Except maybe the 2 pieces of wood to make a fire.

I thought it took two boy scouts to make a fire.  
	

	
	
		
		



		
		
	


	





Bear


----------



## roller (Jun 7, 2011)

Yep to much smoke I can tell you from experience...


----------



## hfactor (Jun 7, 2011)

DaveOmak said:


> hfactor, I use chunks in my old Totem smoker. They work fine. The smaller the diameter of the chunk, the less smoke. My Totem has a thin SS pan that sits on the element. I just checked your smoker on amazon and it says it is a 1500 watt element. That is drawing about 12 amps. There is a significant voltage drop when using an extension cord. Especially if the outlet is rated for 15 amps. If you have a 20 amp outlet, use it and a 12 gauge cord. If you have room above your element, set a small chunk of wood on a SS 1 cup measuring cup and place it on the element and try that. As the element cycles it will cycle the smoke also. Try a 1x1x1 inch chunk of wood to start and see if it meets your expectations.
> 
> I am not familiar with your element design to know if a 1 cup will work. They have SS burner covers at wmart that might work. Use your imagination. Do Not Use Aluminum..... It will melt.
> 
> ...


Hi Dave,

I’m currently using a 10’ 14 gauge extension cord, plugged into a 15amp outlet.   At this point, a 20amp is not available.   As I mentioned, the heat generation was far superior with the 10’ as opposed to the 30’ cord.   Need to check the internal temperature to verify that the heating element is still good, and will generate enough heat to keep the unit, with open vents at the desired 225 to 250 degrees.

  

So placing the wood chunk directly on the element is not the way to go?   The Meco manual recommends this, but with the smoking I’ve tried, the wood seems to burn pretty quickly when placed directly on the element, and the white smoke is a problem.   I will try to get a device appropriate for placing the wood chuck in.   So at 225 degrees, a wood chuck will smoke in a SS container?

  

Anyways, I ordered a digital thermometer, and when I receive it, I’ll give all these ideas another shot…


----------



## daveomak (Jun 7, 2011)

It should smoke at lower temps than 225. The element is probably at 7-800 deg or higher during the on cycle and will start the wood smoking. Then residual heat will keep it smoking until the element comes on again. At least that is the way my smokers work.

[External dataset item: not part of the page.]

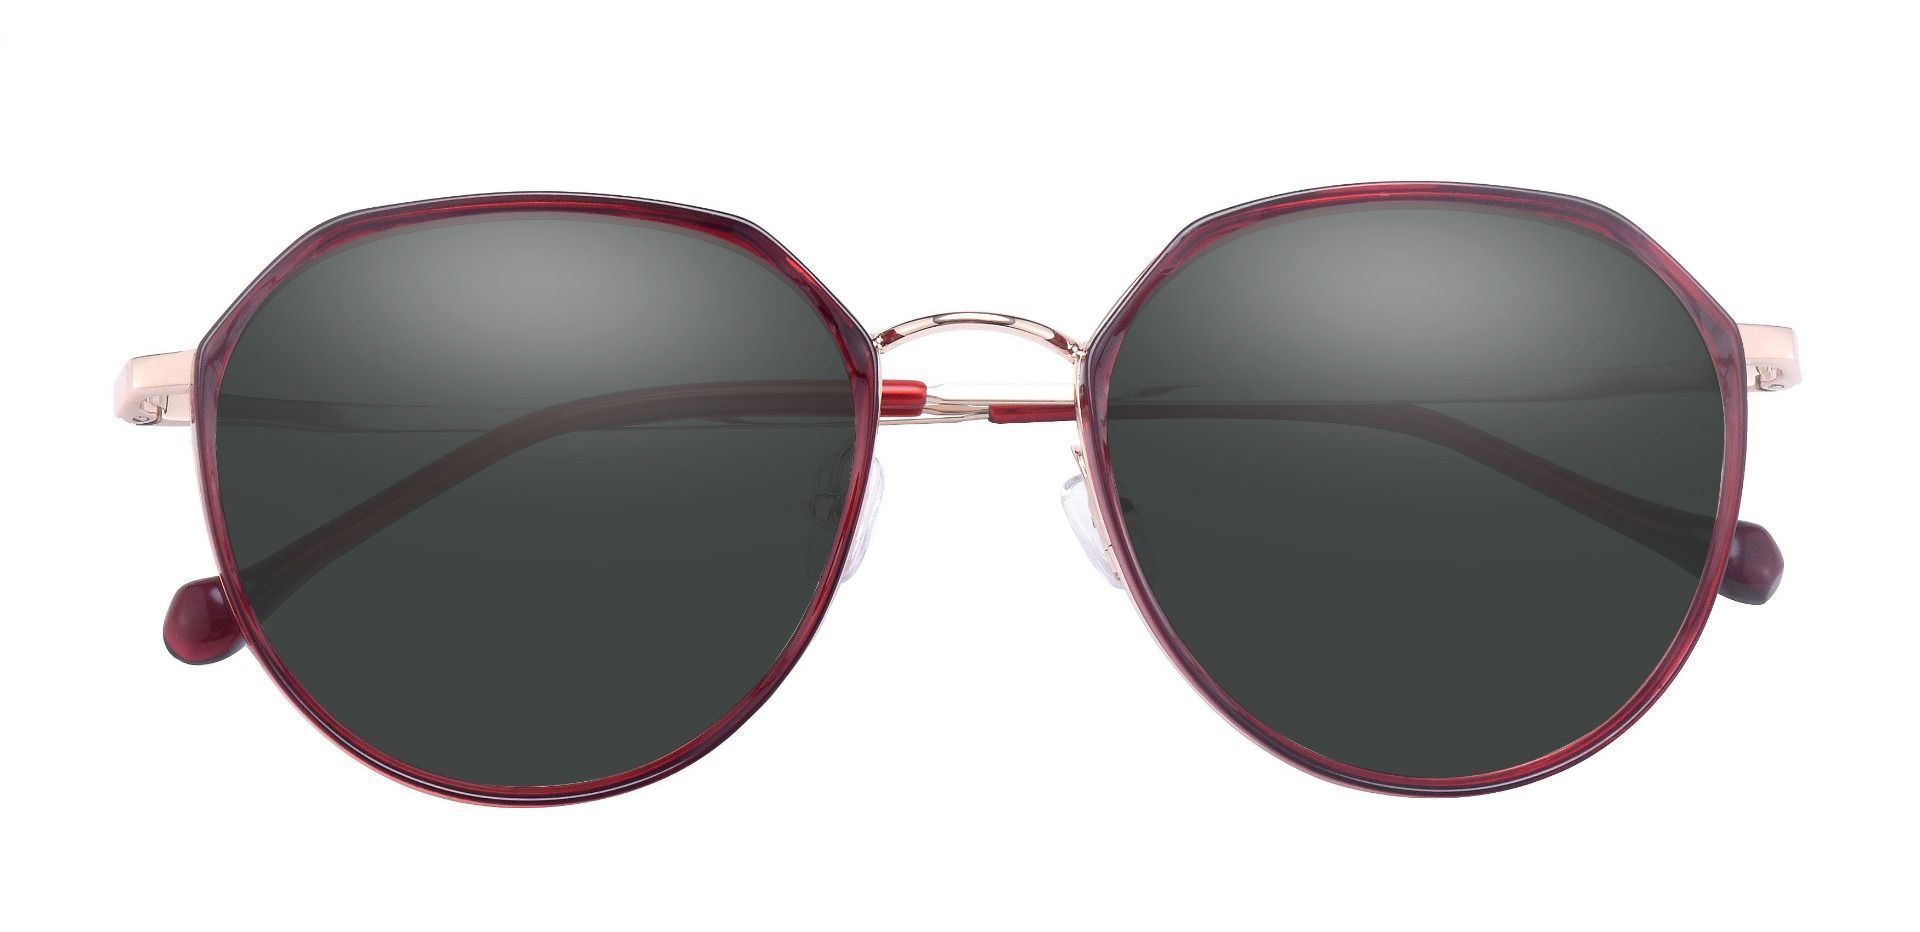 Yorke Geometric Progressive Sunglasses - Red Frame With Gray Lenses

I am assuming your smoker has a thermostat that triggers the on-off cycle of the element.

Try the wood on the element. If it provides what you are looking for your ready to go.


----------



## hfactor (Jun 7, 2011)

Hi Dave,

The soaked wood chunks, about 1" by 3" by 1" directly on the heating element would generate white smoke.  So I'm not sure that's the way to go.  I always used 3 or 4 chunks, obviously too many.   This is why I've been asking a lot (probably too many) questions about wood, wood chips, wood chunks, and the success and failure that people have had with electric smokers...

I'm trying to get this smoker to work, but I’ve also been reading a lot about the Weber Smokey Mountain unit.   Seems like many enjoy the flavor that this unit provides… also seems with this unit, controlling the temperature is not that difficult…

But one thing at a time, I’ll try all your recommendations, and report back.

Anyways, thanks for all you input..

HF


----------



## daveomak (Jun 7, 2011)

Try NOT soaking the wood. I do not soak and never have. I have heard, water and smoke create sulfuric and nitric acid. ie smog. I don't use a water pan either, never have.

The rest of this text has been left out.